Singh found a method to create multiple plants from one seed—taking the error out of trial and error. Singh used growth hormone mixtures that help hybrid pod retention. He dissected the immature seeds and developed cultures to create multiple plants.
“If a plant dies, you don’t have a total loss,” Singh says. This method sped up his research and allowed for faster field testing. He could use this technology to continue testing without losing years of research time due to lost plants.
Randall Nelson, research geneticists with USDA–ARS and professor of plant genetics at the University of Illinois, works closely with Singh and led in-field research for the new soybean lines. The team started field testing seven years ago with 200 lines and continues today.
“A lot of unexpected things happen when we make these wide crosses,” Nelson says. “Lines are very high yielding relative to the soybean parent.”
A wild plant increasing yields might sound far-fetched, but Nelson and Singh have research as proof. However, these new soybean varieties won’t be widespread across farm country quite yet.
“It will be at least five to 10 years before there are commercial varieties,” Nelson says. “This summer, there are several soybean breeders crossing these lines with the best varieties. The test will be if they can obtain similar yield increases crossed with these very good varieties that we were able to get over Dwight.”

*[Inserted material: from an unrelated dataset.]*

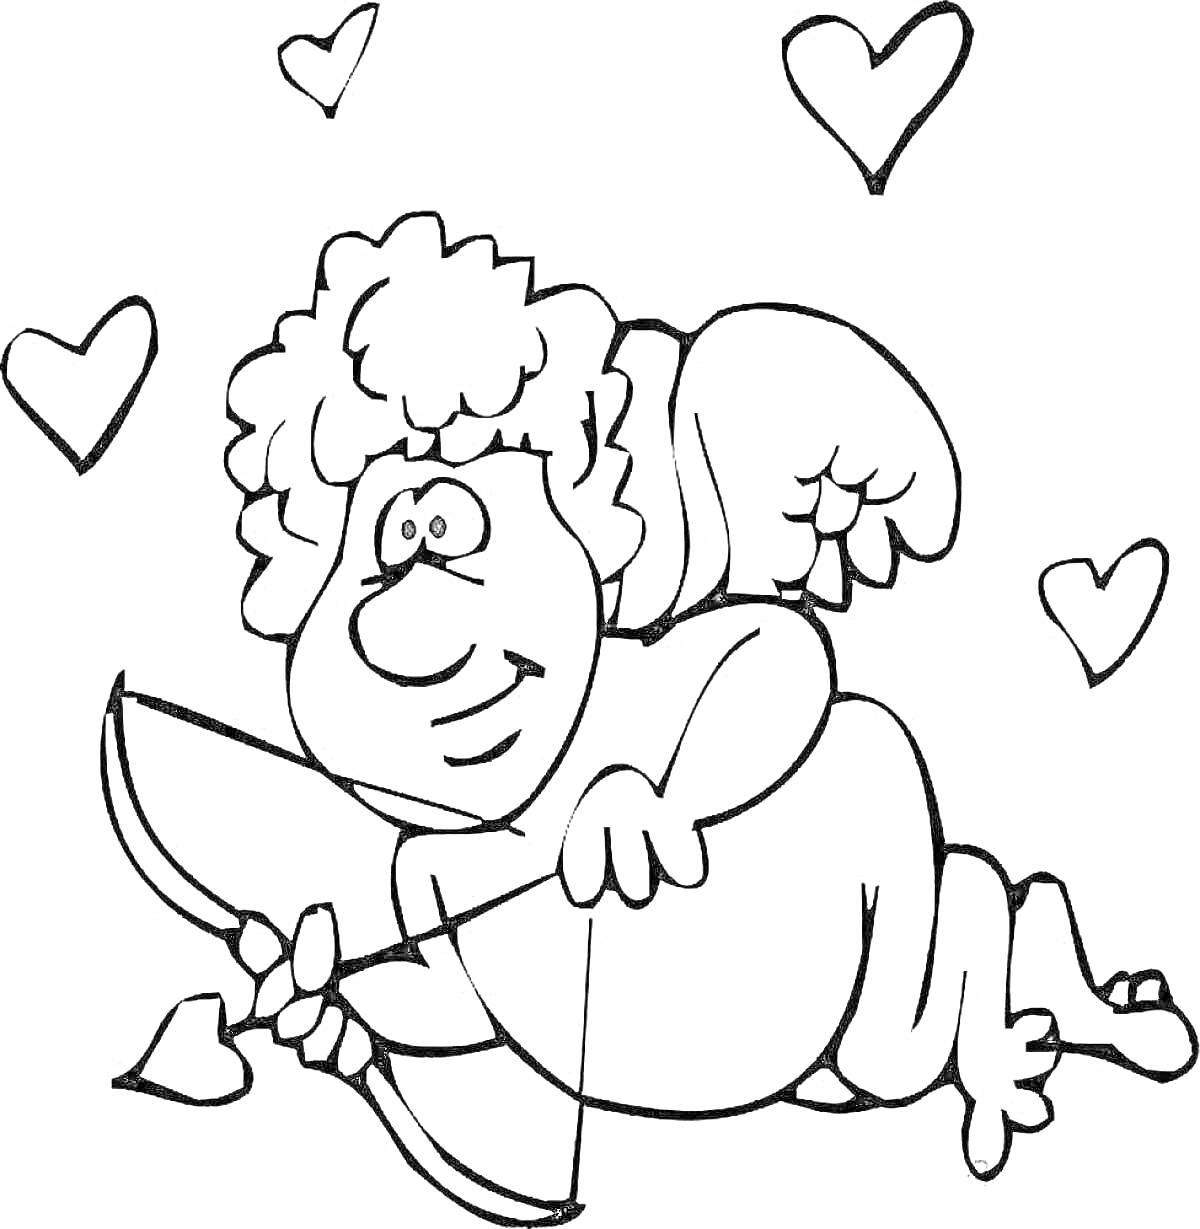 Раскраска Купидон с луком и стрелой, парящий среди сердец

Continued research will also provide more details on what’s causing the yield increase.
“We don’t know anything about the yield genes,” Nelson says.
Are the yield increases in these lines coming from areas in the genetic code, previously shown to increase yield, or have they discovered a new area coming from G. tomentella?
Ultimately, Singh and Nelson want to see the new soybean cross in the hands of farmers.
Dedicated research led Jianxin Ma and a team of scientists to discover the major gene responsible for seed coat hardness and permeability.
While hard-headed people can be hard to deal with, hard seed coats are proving to be beneficial. Ma led a team of researchers to discover the gene responsible for hardness and permeability in soybean seed coats.
“It was not difficult to find the gene, but it took us nearly two years to develop a soybean population that allowed us to pinpoint the candidate for the gene,” Ma says.
“Then it took another two years to validate the gene’s function,” he adds.
This discovery helped the team determine how to increase calcium content to enhance soybean nutrition and potential benefits for southern and tropical regions.
“Making seed coats harder or more permeable may not affect productivity, but hardness can enhance the seeds’ viability and are thus preferred for southern and tropical regions, where soft seeds lose viability shortly after harvesting,” Ma says. “In addition, harder seeds appear to contain higher levels of calcium. This may pave a new strategy to meet the needs of calcium for kids when they cannot be provided by other sources.”
The hardness and permeability of the seed coat influences germination. In some areas, it is important to have an easily permeable seed coat. Some soybeans can start absorbing water within 15 minutes. In the South and tropical climates, tough coats are important to avoid seed damage at harvest.
This discovery could help enhance the genetic diversity of soybeans. As the team continues their research, they hope to find other minor genes influencing hardness and permeability so they can develop soybean coats to be best suited for various environments. This discovery could lead to acre specific seed coat prescriptions and possibly expanded to other crops.
“This could help researchers quickly identify genes controlling a similar trait in many other crops such as common bean, mungbean, chickpea and pigeonpea,” Ma adds.
It will take three to five years to start integrating this trait into soybeans and several more years to test the varieties before commercialization.
Advances in agricultural technology often move at lightning speed. Opportunities to increase yield and nutritional benefits are high priorities for many universities and seed companies. Watch for these discoveries and others to help meet the needs of people around the world.